C’est à Montréal que Legrady, d’origine hongroise, commence sa carrière artistique, et son outil de travail est une caméra photo. Étudiant au Collège Loyola, il y rencontre un professeur, Charles Gagnon, qui le marquera et l’orientera vers une approche plus conceptuelle, ou même analytique, de la photographie. Les images qu’il produit à l’époque, les séries des Objets trouvés (1976) et celle des Objets flottants (1980), sont marquées de cette découpe froide qu’effectue la technique (ici l’appareil photo, l’instantané, le flash) afin de découper et d’extraire d’abord les objets et ensuite les images elles-mêmes de leur contexte référentiel.

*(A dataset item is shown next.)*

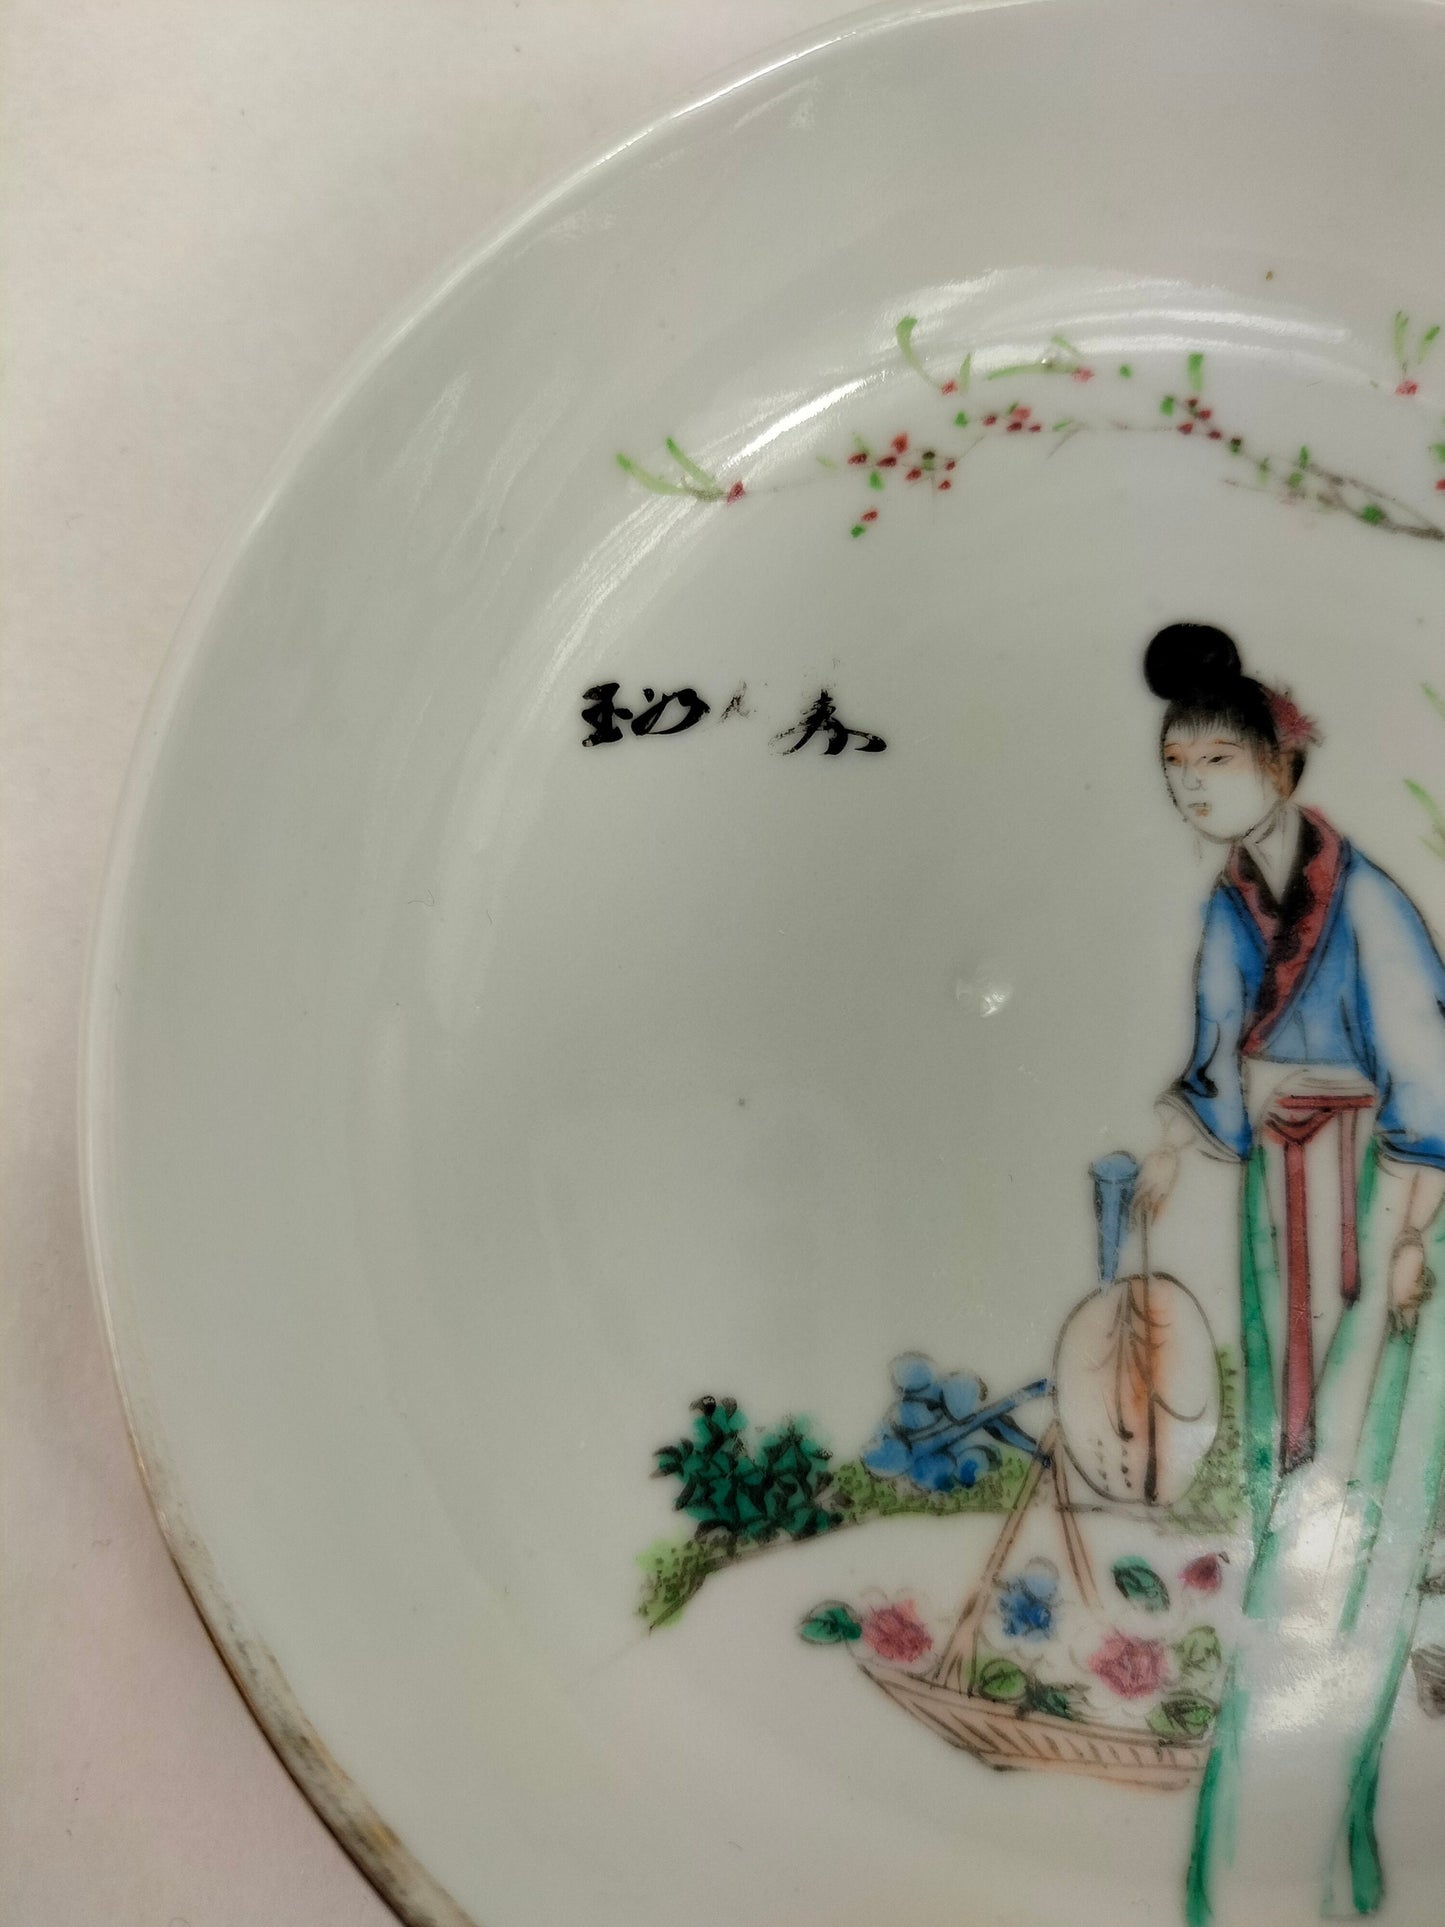 园林场景中饰有中国女士的中国古董盘 // 民国时期（1912-1949）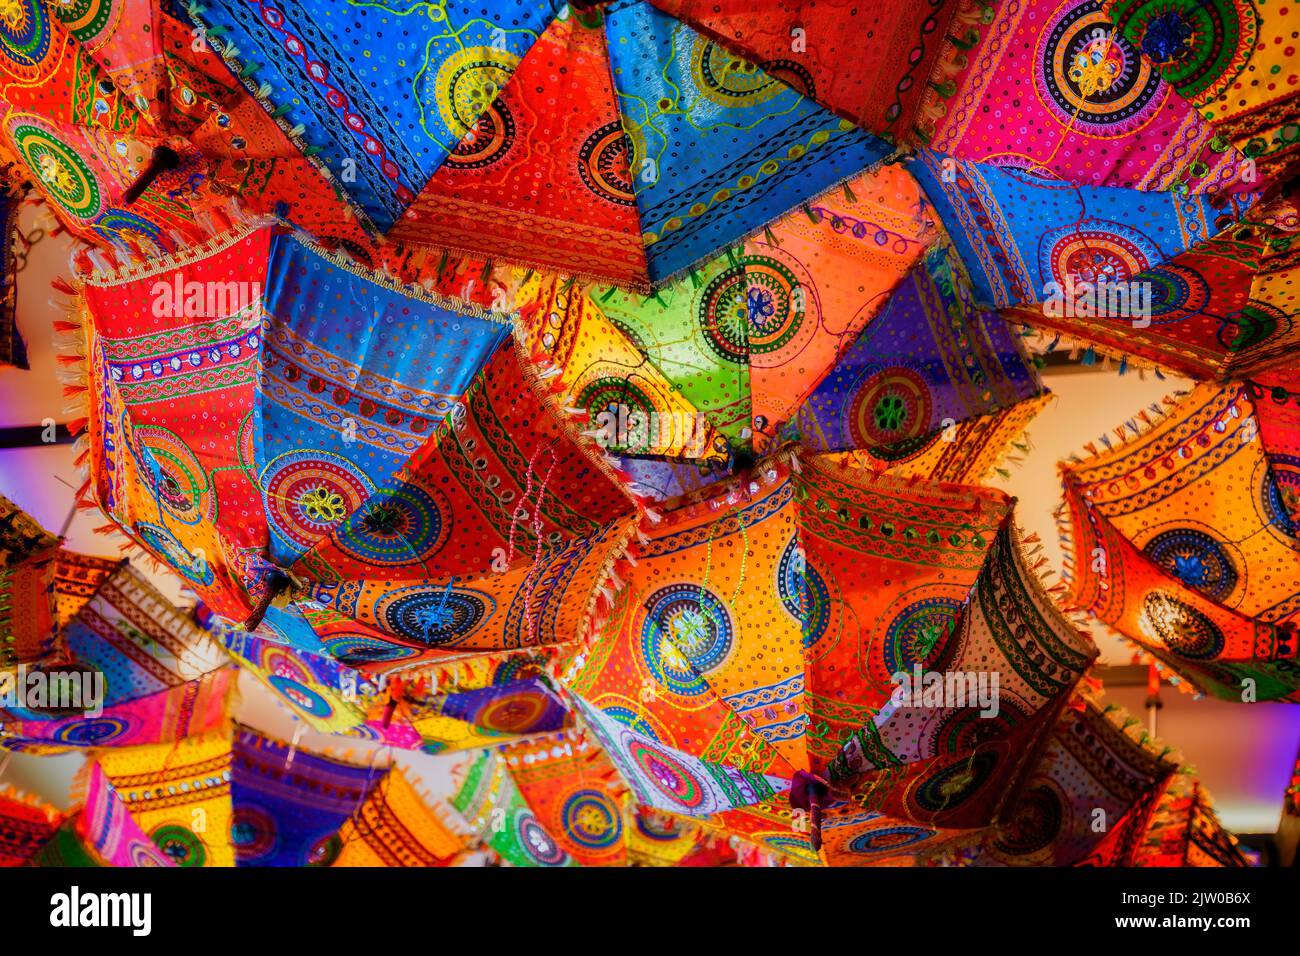 Un montón de coloridas sombrillas cuelgan de un techo iluminado, Foto de stock

Les objets flottants, par exemple, sont trouvés dans des chantiers de construction, la nuit, et l’artiste les projette devant lui et les capte d’un déclic de caméra et de flash; il en résulte une abstraction étrange, ni belle, ni révélatrice, seulement un « décollement » de l’objet du « réel » qui annonce déjà ce que les œuvres numériques vont marquer de manière encore plus forte, à savoir que l’image délocalisée peut elle-même devenir l’objet d’une hyperindexation la remettant en circulation grâce à des systèmes sémantiques et syntaxiques informatisés dans lesquels le langage joue un rôle important.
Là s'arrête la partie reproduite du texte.